▶ Your assignment
The result should be an exact copy of only the lines from the one with "Diy Home Coffee" through the last line of the data below, with pictures omitted.

▶ Supplied information
══════════

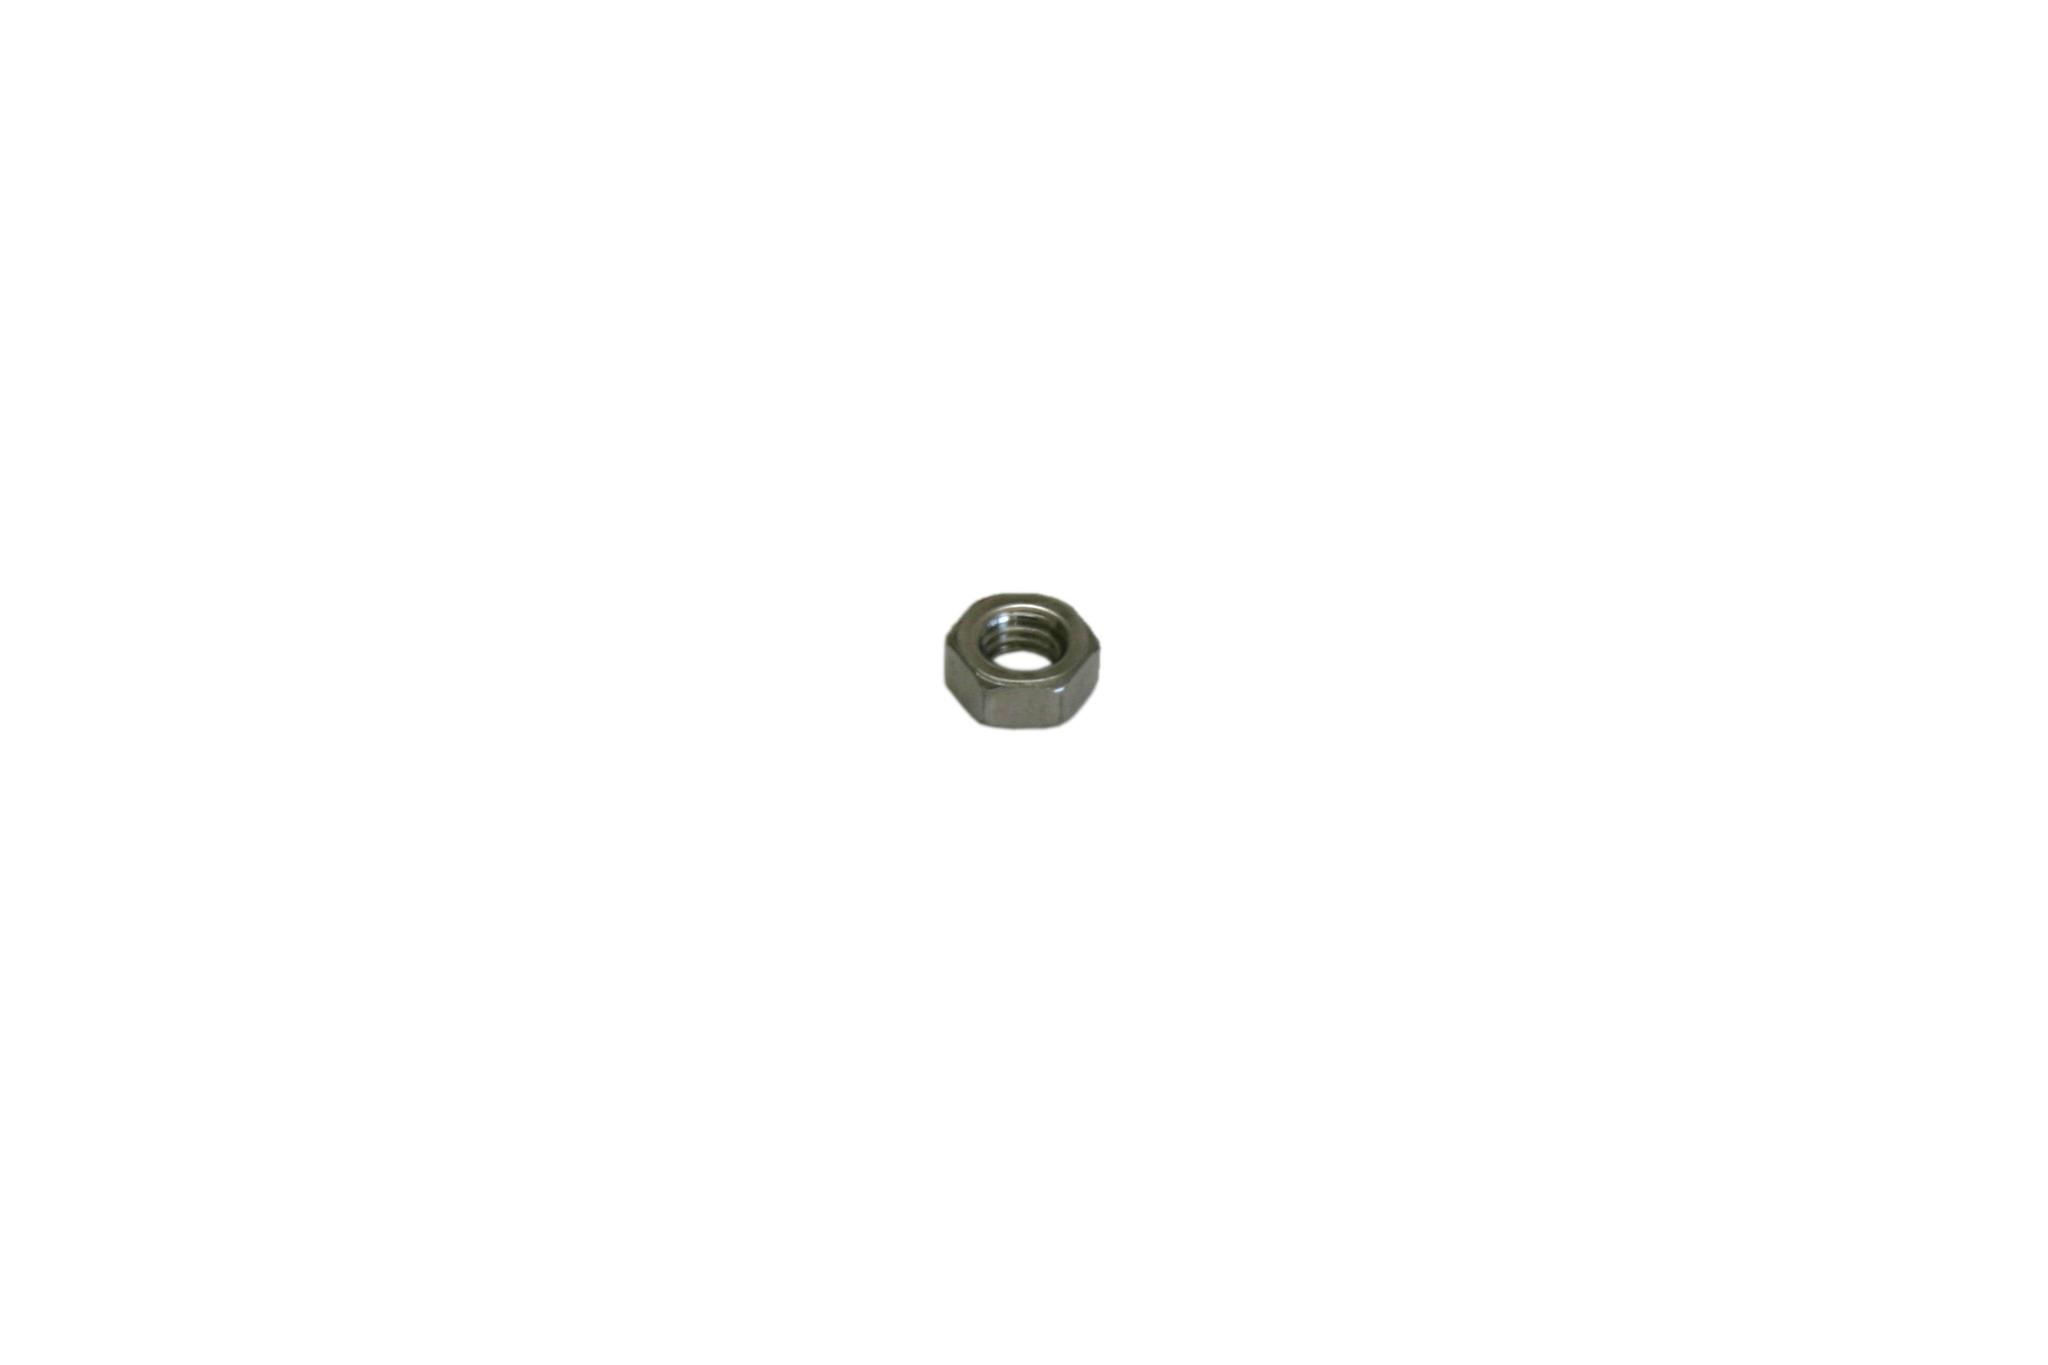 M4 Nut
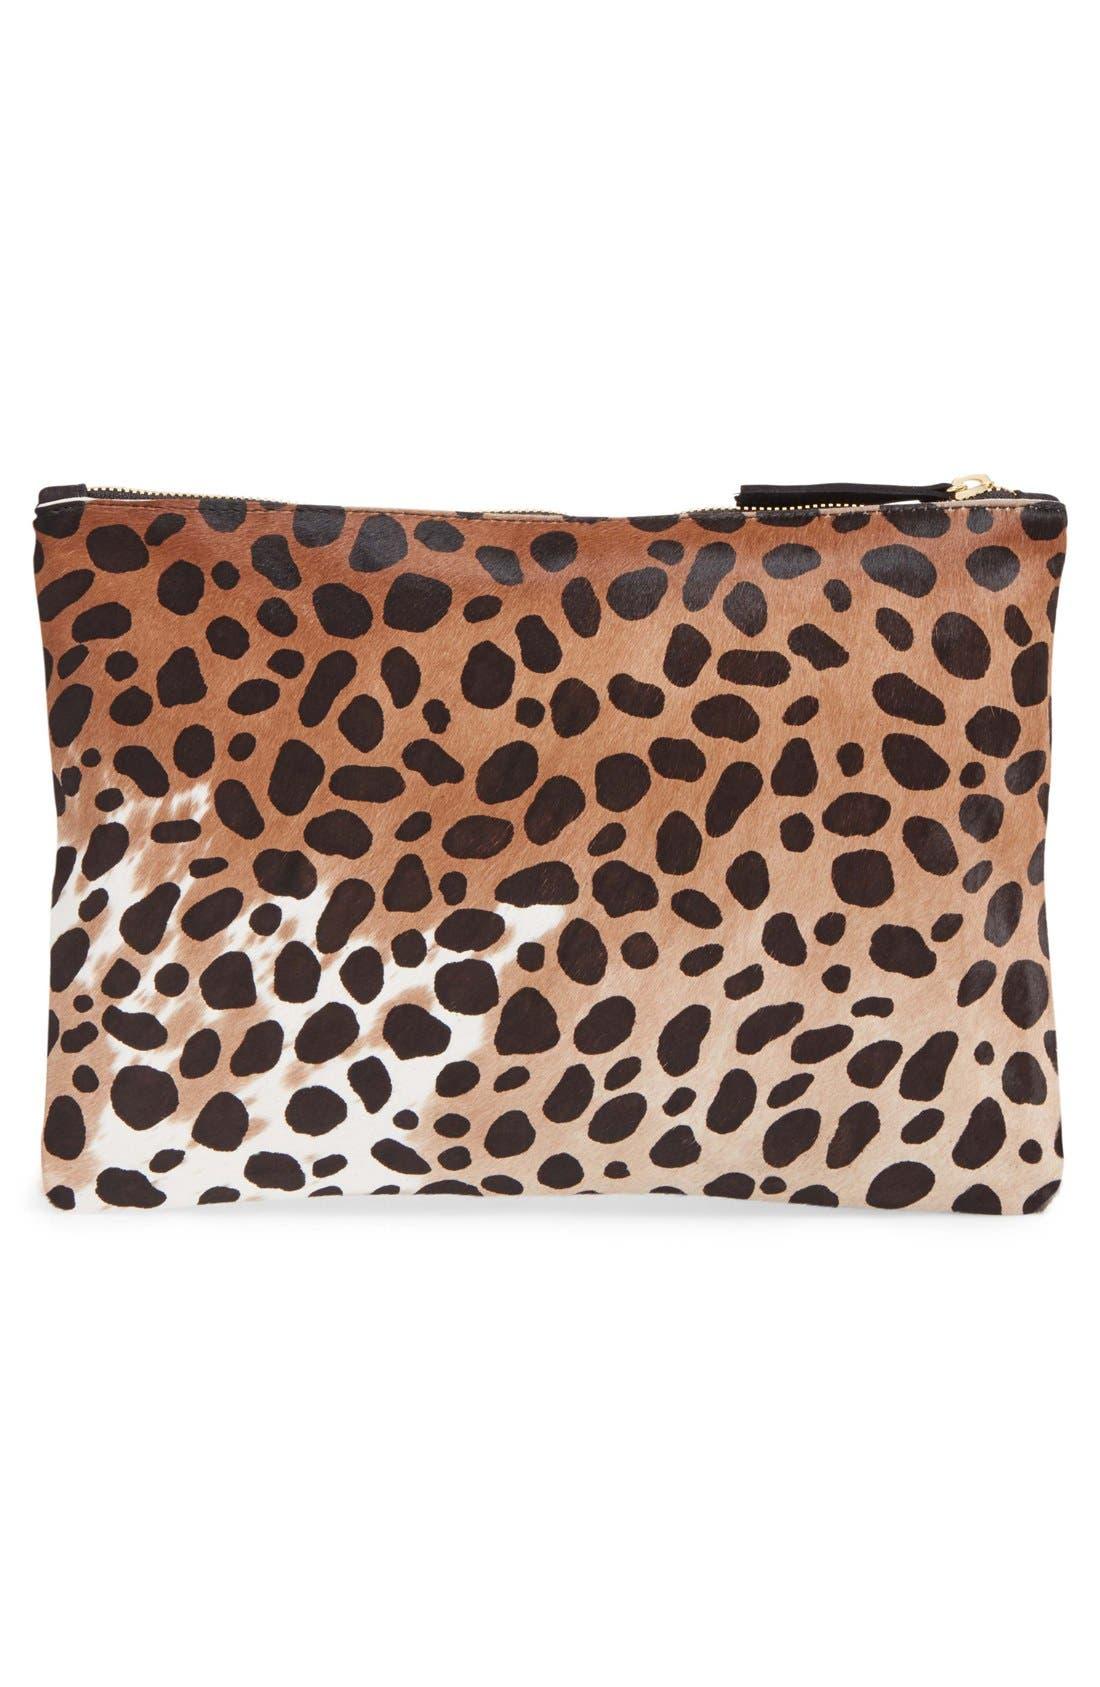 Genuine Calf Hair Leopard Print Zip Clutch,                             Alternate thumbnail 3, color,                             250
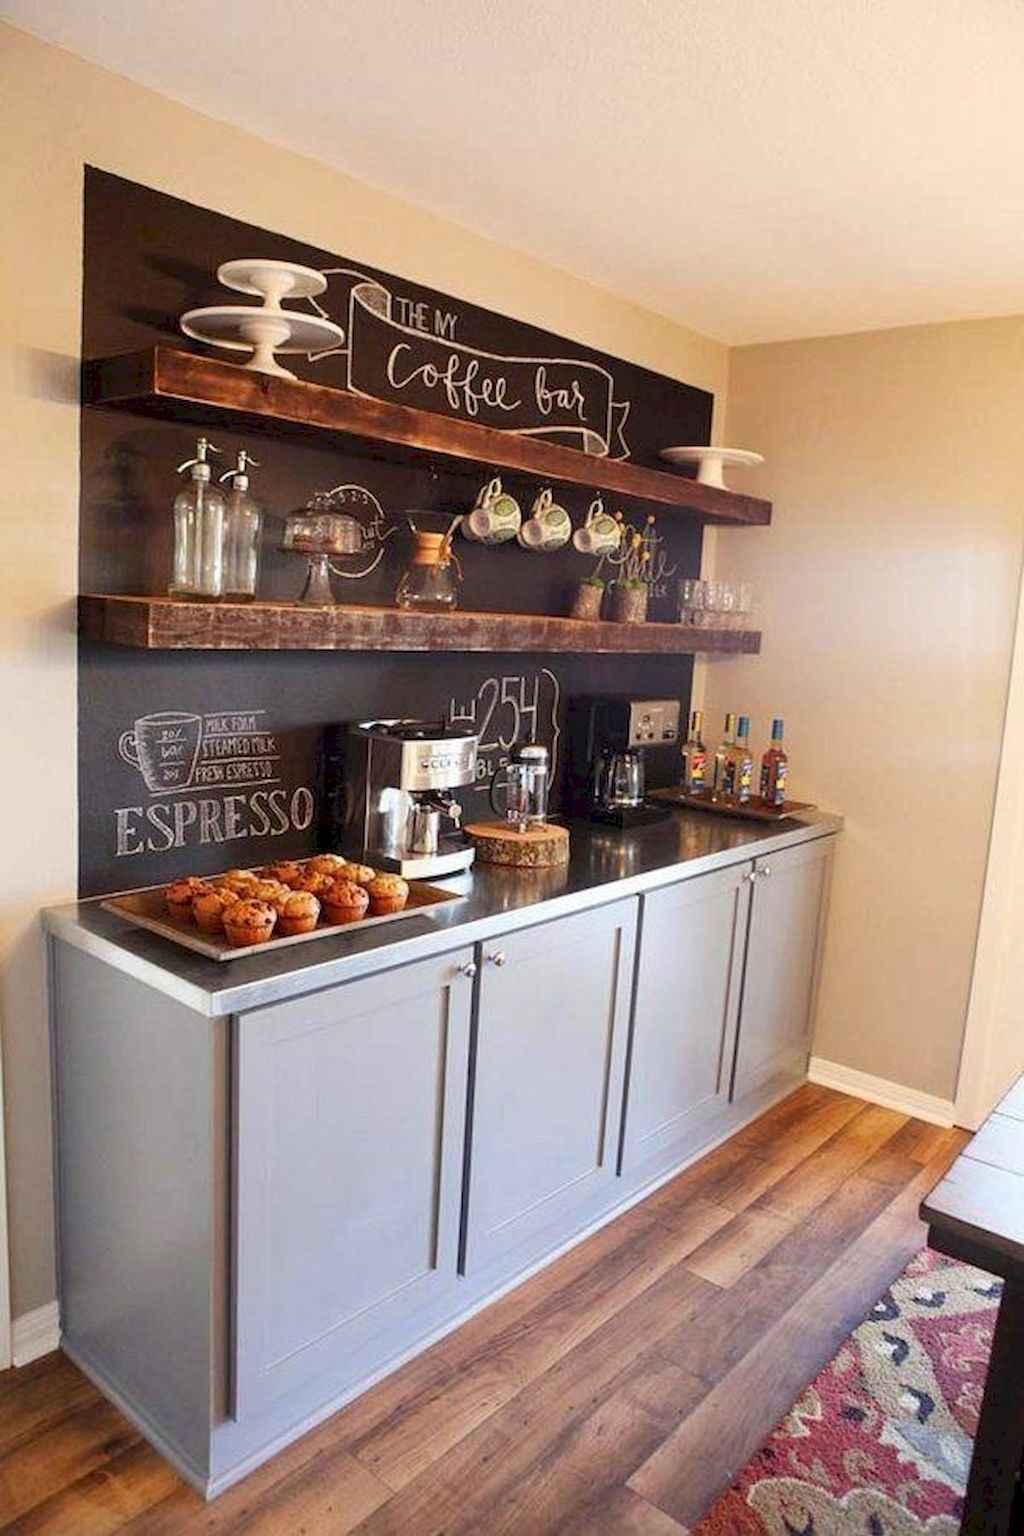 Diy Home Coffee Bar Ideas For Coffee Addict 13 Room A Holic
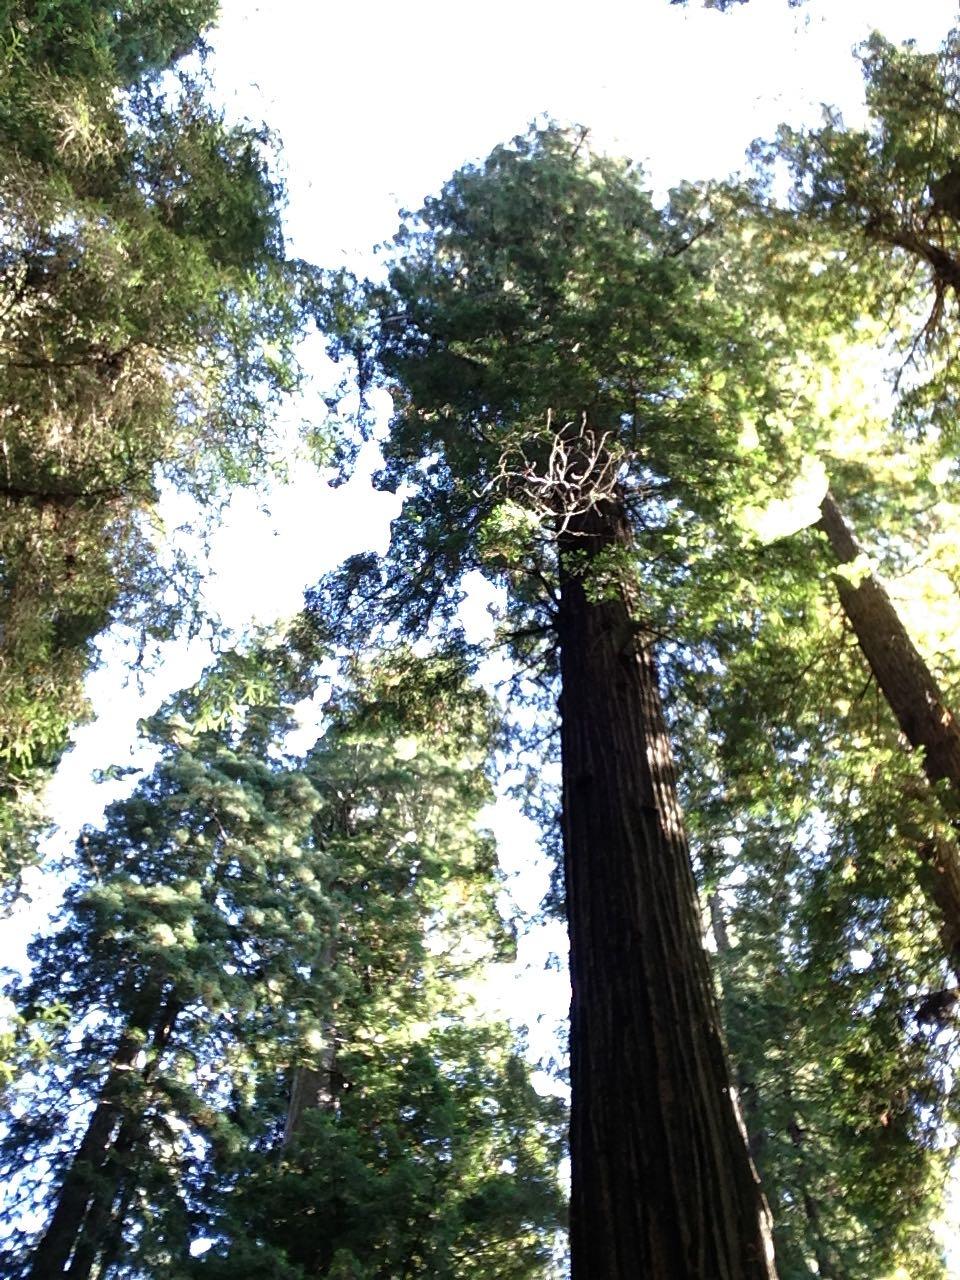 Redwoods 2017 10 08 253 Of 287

══════════

▶ Answer below
 Diy Home Coffee Bar Ideas For Coffee Addict 13 Room A Holic
 Redwoods 2017 10 08 253 Of 287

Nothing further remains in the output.